“Success often depends on a certain amount of luck.”

He has worked a lot, with the enthusiasm and curiosity that we know him for, but he was lucky enough to be there in the 80’s, at the time when we started to understand that quality could allow the sale of wines and that it was not reduced to “faithful and marketable” wines revealed by chemical analysis, but that wine was also and especially made in the vineyard.

The work in the vineyard was as important as the work in the cellar, but at that time everything had to be evaluated.

Michel initiated some practices that did not exist, such as green harvesting and leaf removal, more respect for the grapes, more selection, “à la carte” harvesting: a major element to increase quality and allow better blending. He was convinced and wanted to make things happen…

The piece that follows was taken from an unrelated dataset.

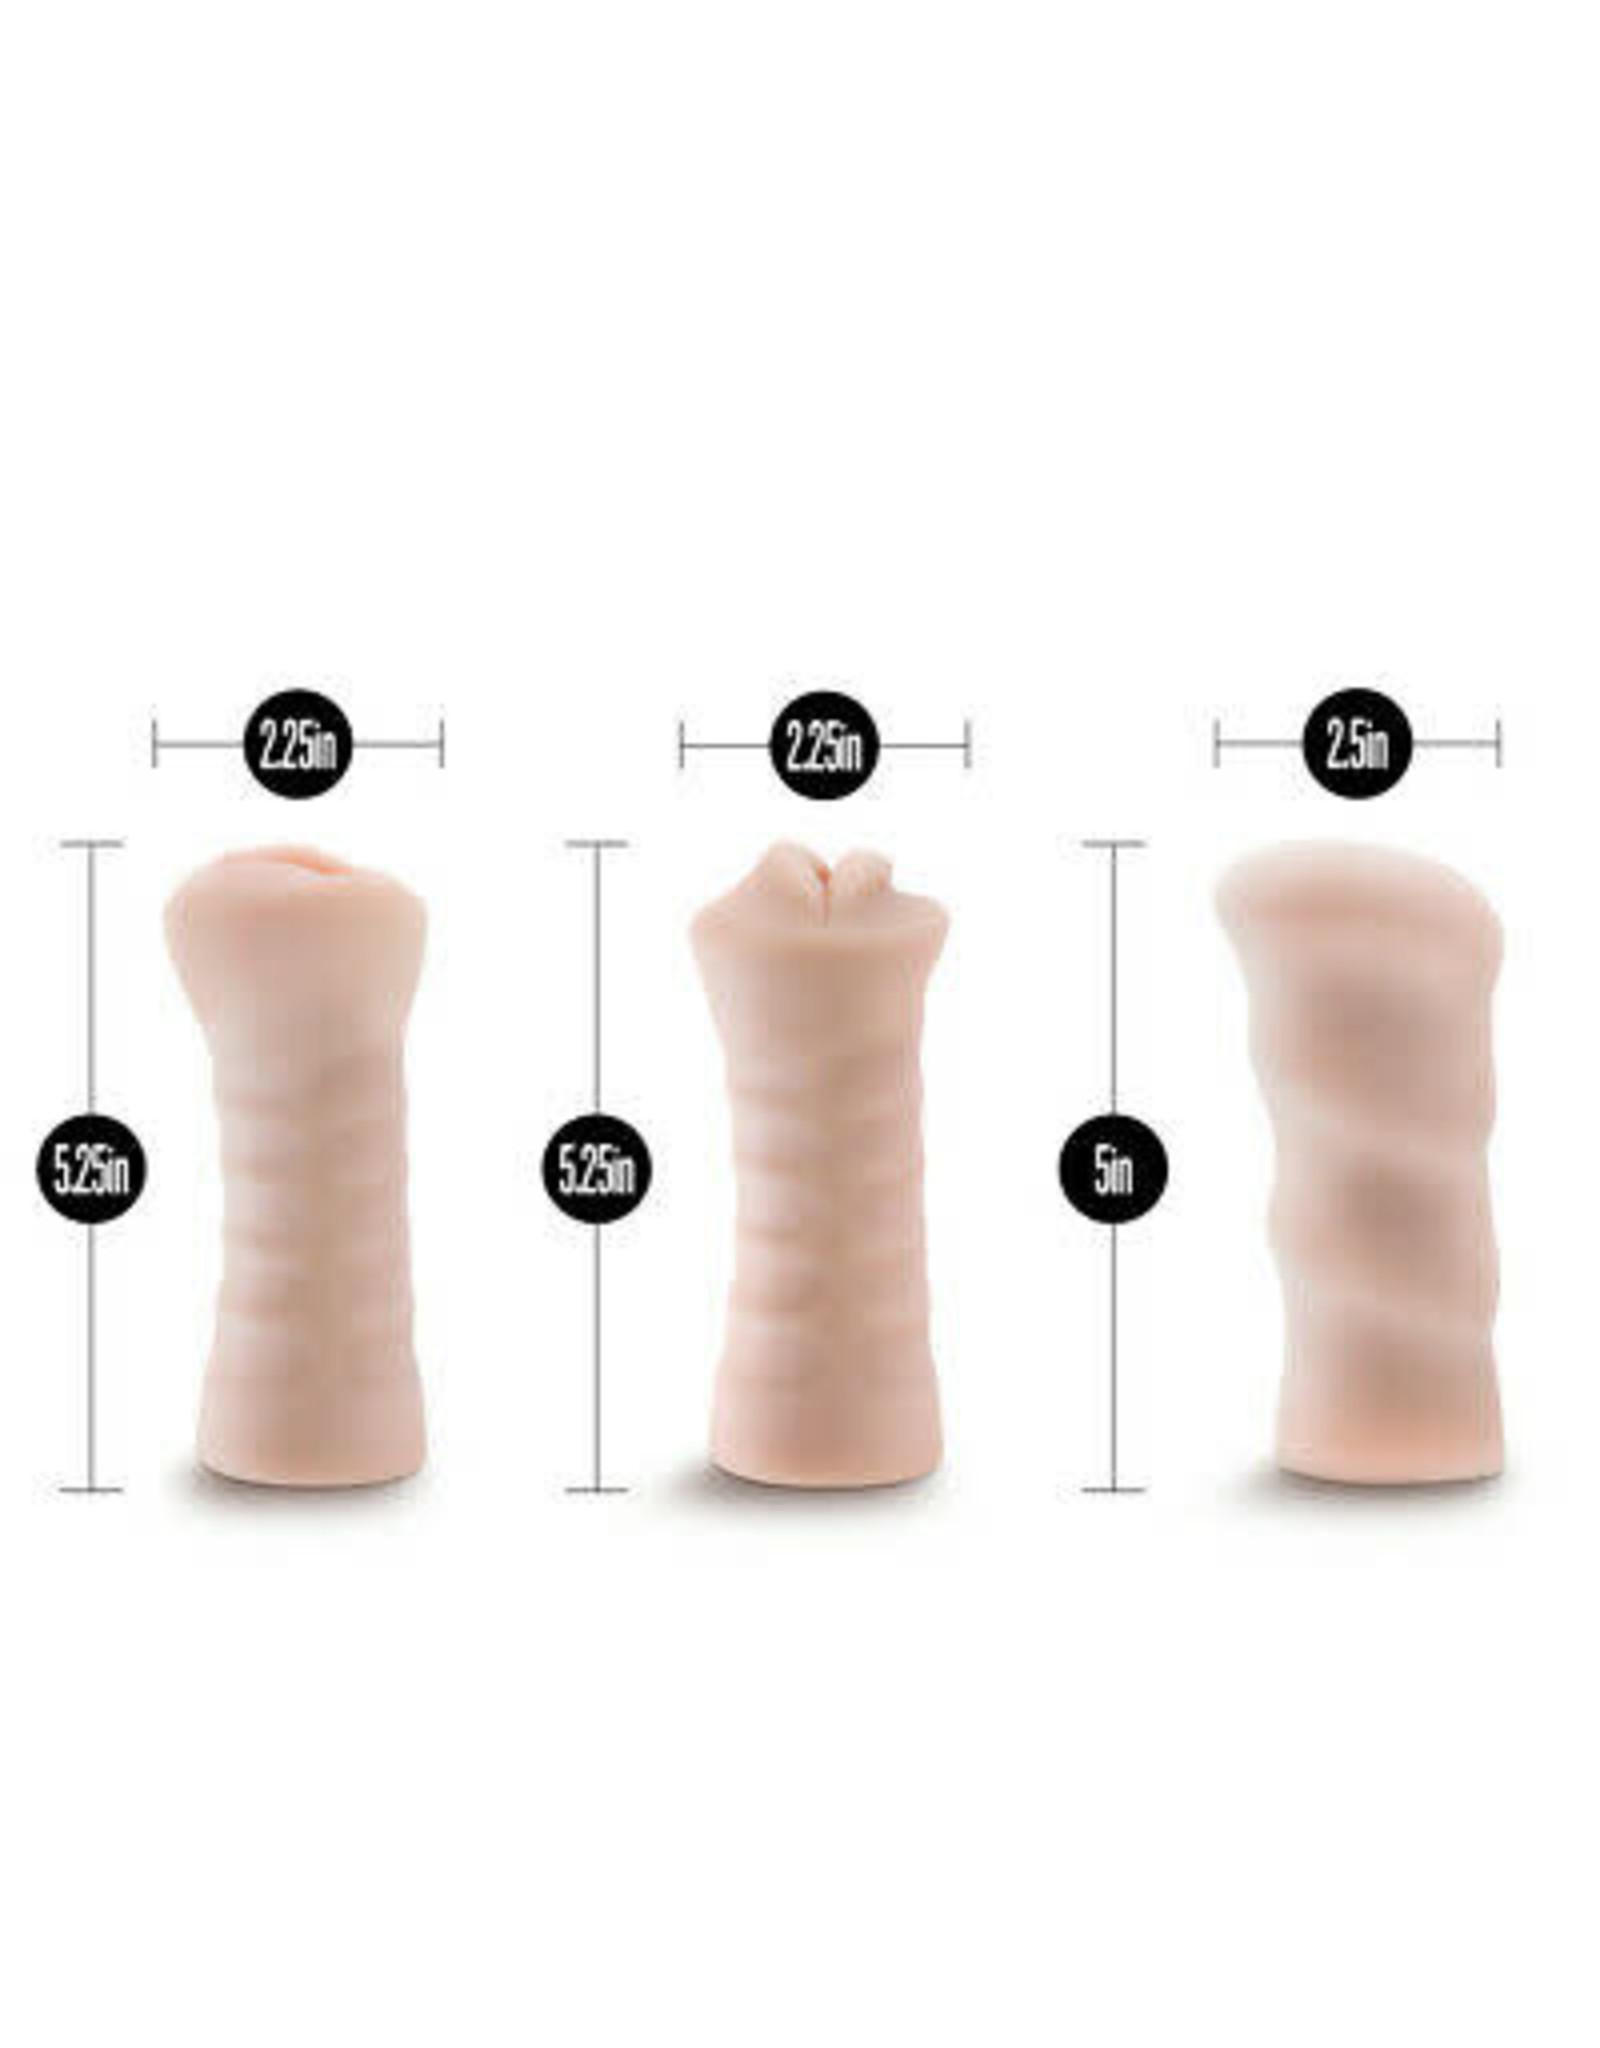 BLUSH BLUSH - M FOR MEN- 3-PAC SELF-LUBRICATING VIBRATING STROKER SLEEVE KIT

Today, it is a work of goldsmith that he manages to do in the vineyards. Understanding the terroir, taking care of each vine and each parcel of land to have a quality raw material, then an appropriate vinification, a meticulous work in the cellar: to have smallest tanks, to imagine the vinification in barrels, with the greatest rigor, a sum of details which allows this king of the assembly to create wines with the expression of their terroir and the identity of the property.

Whether as an owner or as an oenologist, Michel Rolland became the first “Flying Winemaker”, a pioneer of these pivotal years that have won the evolution of viticulture and winemaking as we know it today.